(Stored items)
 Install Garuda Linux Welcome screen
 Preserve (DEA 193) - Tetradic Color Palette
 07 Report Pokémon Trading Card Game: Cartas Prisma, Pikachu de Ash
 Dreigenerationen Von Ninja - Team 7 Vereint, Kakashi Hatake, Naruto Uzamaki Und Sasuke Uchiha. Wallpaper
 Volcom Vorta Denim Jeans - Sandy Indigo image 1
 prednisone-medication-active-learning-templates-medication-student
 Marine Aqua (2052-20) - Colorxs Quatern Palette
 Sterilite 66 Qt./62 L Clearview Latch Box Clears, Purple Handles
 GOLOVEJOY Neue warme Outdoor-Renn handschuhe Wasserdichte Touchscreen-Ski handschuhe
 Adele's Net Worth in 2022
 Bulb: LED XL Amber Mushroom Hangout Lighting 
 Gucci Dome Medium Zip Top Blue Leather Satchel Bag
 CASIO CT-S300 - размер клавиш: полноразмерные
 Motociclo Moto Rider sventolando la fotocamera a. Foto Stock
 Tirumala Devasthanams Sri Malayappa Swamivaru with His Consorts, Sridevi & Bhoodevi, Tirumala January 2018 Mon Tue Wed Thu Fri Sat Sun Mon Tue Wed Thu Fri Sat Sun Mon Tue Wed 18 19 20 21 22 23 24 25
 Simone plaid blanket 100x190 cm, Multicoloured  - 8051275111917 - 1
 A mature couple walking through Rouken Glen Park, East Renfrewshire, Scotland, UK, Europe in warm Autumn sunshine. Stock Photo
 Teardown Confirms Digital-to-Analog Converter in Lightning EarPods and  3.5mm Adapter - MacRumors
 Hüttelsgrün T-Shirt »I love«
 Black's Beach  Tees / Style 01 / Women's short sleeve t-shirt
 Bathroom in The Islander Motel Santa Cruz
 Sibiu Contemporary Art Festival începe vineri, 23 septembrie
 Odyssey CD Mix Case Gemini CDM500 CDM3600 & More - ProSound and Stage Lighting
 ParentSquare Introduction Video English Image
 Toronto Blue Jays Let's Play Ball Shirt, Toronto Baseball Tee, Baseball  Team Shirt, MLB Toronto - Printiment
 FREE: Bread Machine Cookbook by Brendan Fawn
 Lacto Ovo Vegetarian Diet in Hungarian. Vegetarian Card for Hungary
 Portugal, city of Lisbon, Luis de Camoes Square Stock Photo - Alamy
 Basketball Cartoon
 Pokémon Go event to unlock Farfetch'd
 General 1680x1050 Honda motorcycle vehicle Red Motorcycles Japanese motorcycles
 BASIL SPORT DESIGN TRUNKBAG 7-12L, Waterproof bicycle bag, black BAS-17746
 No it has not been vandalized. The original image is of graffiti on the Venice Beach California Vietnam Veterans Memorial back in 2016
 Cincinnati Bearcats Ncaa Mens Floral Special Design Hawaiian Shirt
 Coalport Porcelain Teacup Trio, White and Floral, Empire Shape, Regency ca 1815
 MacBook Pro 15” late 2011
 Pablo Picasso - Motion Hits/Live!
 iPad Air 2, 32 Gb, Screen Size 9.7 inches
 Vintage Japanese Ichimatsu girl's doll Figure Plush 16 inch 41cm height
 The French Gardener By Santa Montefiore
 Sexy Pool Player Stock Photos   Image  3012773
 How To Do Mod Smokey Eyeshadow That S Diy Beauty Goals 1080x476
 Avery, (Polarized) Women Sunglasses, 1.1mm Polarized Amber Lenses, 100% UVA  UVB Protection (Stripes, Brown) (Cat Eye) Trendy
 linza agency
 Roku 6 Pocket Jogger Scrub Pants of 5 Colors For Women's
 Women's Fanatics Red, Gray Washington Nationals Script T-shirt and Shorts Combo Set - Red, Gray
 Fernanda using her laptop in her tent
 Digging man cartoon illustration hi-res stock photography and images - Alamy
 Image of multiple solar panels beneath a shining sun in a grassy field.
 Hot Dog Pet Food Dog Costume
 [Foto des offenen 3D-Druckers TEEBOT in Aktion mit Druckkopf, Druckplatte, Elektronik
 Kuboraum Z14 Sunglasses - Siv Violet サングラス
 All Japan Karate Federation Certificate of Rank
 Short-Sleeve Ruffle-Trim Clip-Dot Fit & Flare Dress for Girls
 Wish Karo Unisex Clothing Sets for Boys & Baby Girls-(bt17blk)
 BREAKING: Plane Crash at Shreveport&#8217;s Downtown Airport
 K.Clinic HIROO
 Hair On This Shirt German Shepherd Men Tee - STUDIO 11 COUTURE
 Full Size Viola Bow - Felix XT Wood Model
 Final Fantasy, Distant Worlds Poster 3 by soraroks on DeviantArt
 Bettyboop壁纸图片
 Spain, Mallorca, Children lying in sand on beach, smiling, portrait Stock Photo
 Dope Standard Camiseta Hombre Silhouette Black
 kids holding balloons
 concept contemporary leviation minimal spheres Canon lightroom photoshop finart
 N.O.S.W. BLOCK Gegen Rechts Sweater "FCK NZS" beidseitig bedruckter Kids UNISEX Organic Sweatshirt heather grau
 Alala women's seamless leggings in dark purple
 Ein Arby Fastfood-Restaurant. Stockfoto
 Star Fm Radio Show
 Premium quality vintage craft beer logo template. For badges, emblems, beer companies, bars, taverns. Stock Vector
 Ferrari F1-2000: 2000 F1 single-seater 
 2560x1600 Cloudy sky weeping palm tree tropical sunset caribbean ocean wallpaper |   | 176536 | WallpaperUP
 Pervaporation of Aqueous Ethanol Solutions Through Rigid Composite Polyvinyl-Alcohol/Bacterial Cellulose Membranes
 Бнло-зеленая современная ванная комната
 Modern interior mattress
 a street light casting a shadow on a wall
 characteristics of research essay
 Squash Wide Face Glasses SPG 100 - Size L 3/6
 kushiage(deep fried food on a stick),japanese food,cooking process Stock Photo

* Exercise
Each line of the entries that contains the word "Card" should be listed.

* Solution to the exercise
 07 Report Pokémon Trading Card Game: Cartas Prisma, Pikachu de Ash
 Lacto Ovo Vegetarian Diet in Hungarian. Vegetarian Card for Hungary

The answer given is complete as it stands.